When we compare the unique chunk counts to the rat article, what do we see?
Chunk Length | % of Single Chunk Occurrences in 4,000 character (rat) text | % of Single Chunk Occurrences in 4,300 character Turkish text | Difference |
2 | 28.7% | 31.8% | 3.1% |
3 | 48.5% | 53.7% | 5.2% |
4 | 69.8% | 71.3% | 1.5% |
5 | 80.7% | 81.9% | 1.2% |
6 | 87.4% | 88.0% | 0.6% |
7 | 91.7% | 92.1% | 0.4% |
8 | 94.5% | 94.7% | 0.2% |
The Turkish text has slightly more variation (i.e. less chunks that only occur once), but – for these two sample texts of pretty much the same length – the differences are minor.
Conclusion – and next steps
So far, I have only gone slightly further than my high school project. But from what we have seen, in order to eradicate spelling mistakes, a chunk size of at least 5 is required whether it is contemporary English, Elizabethan English or contemporary Turkish – but that might need to be pushed out to a chunk size of 6 for longer source texts. To know this for sure, more automated generating and counting would be required – and plugging into spelling and grammar-checking APIs like GrammarBot or TextGears might help here (for English at least).

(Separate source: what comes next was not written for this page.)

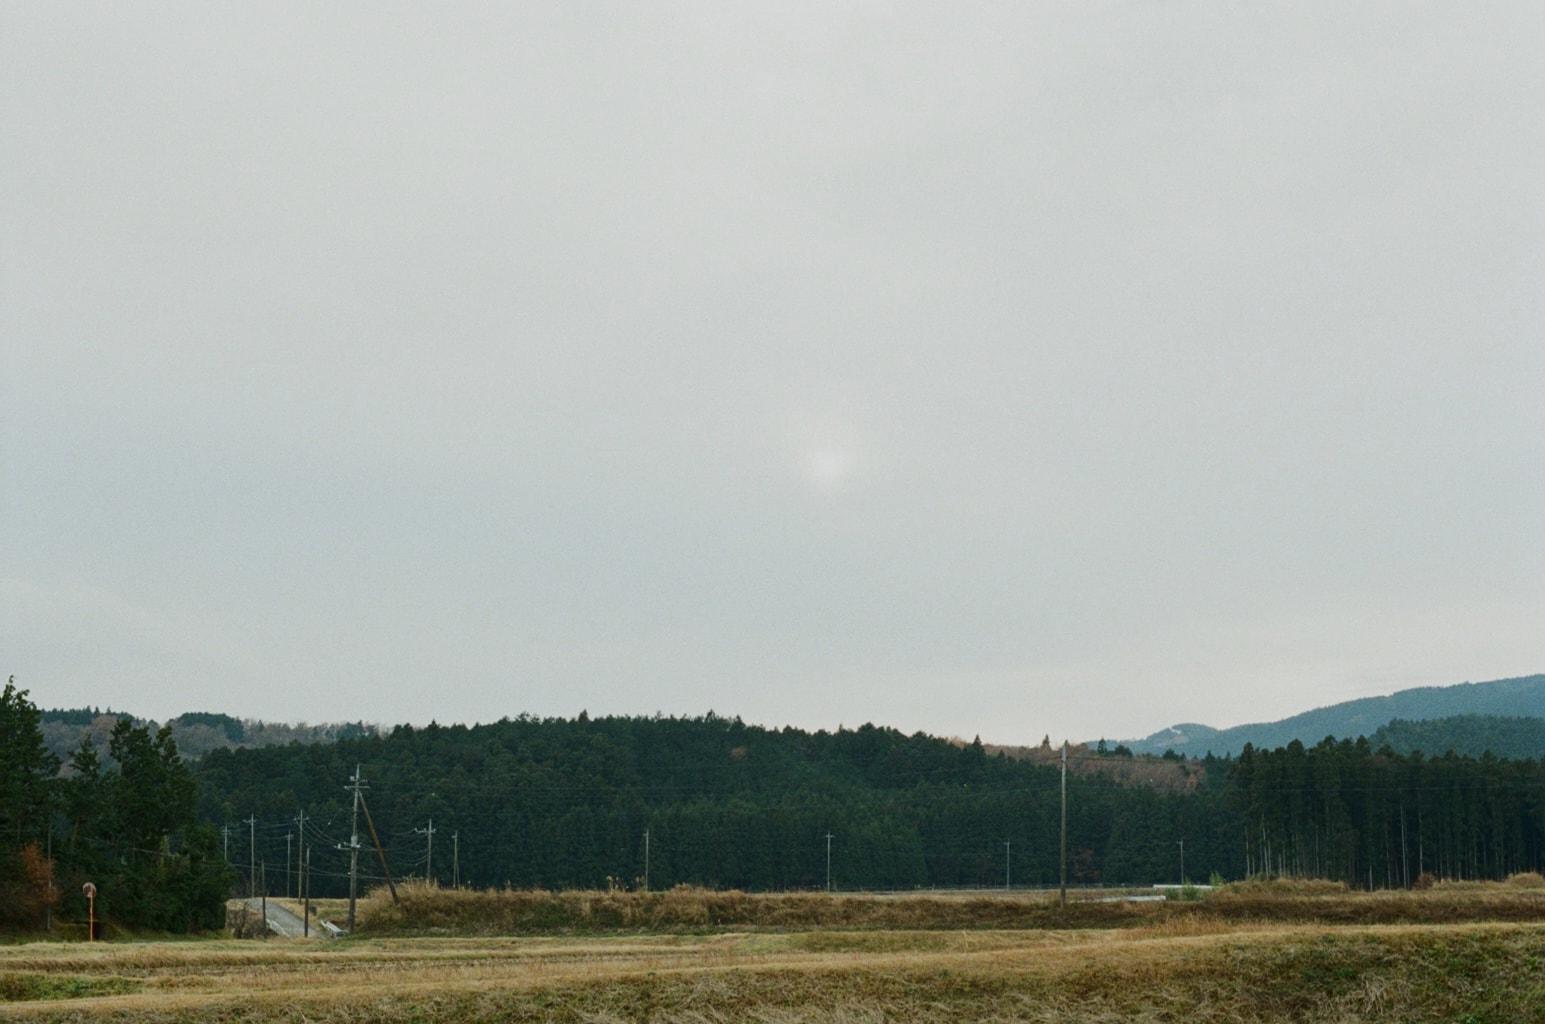 冬至イメージ。里山の風景

Of course, if you want to avoid bad spellings, a better approach would probably be not to use collections of consecutive characters to generate words, but instead to use collections of consecutive words to generate sentences. My suspicion is that using both approaches will be required when it comes to predictive text on a mobile phone app – but let’s hold that thought for now. In my next post, I will try this same experiment on words (rather than characters) and maybe in the one after that, I will plug the results into a grammar API to try to quantify exactly how the different parameters (chunk length, word count and source material length) affect the grammar/spelling scores of the generated texts.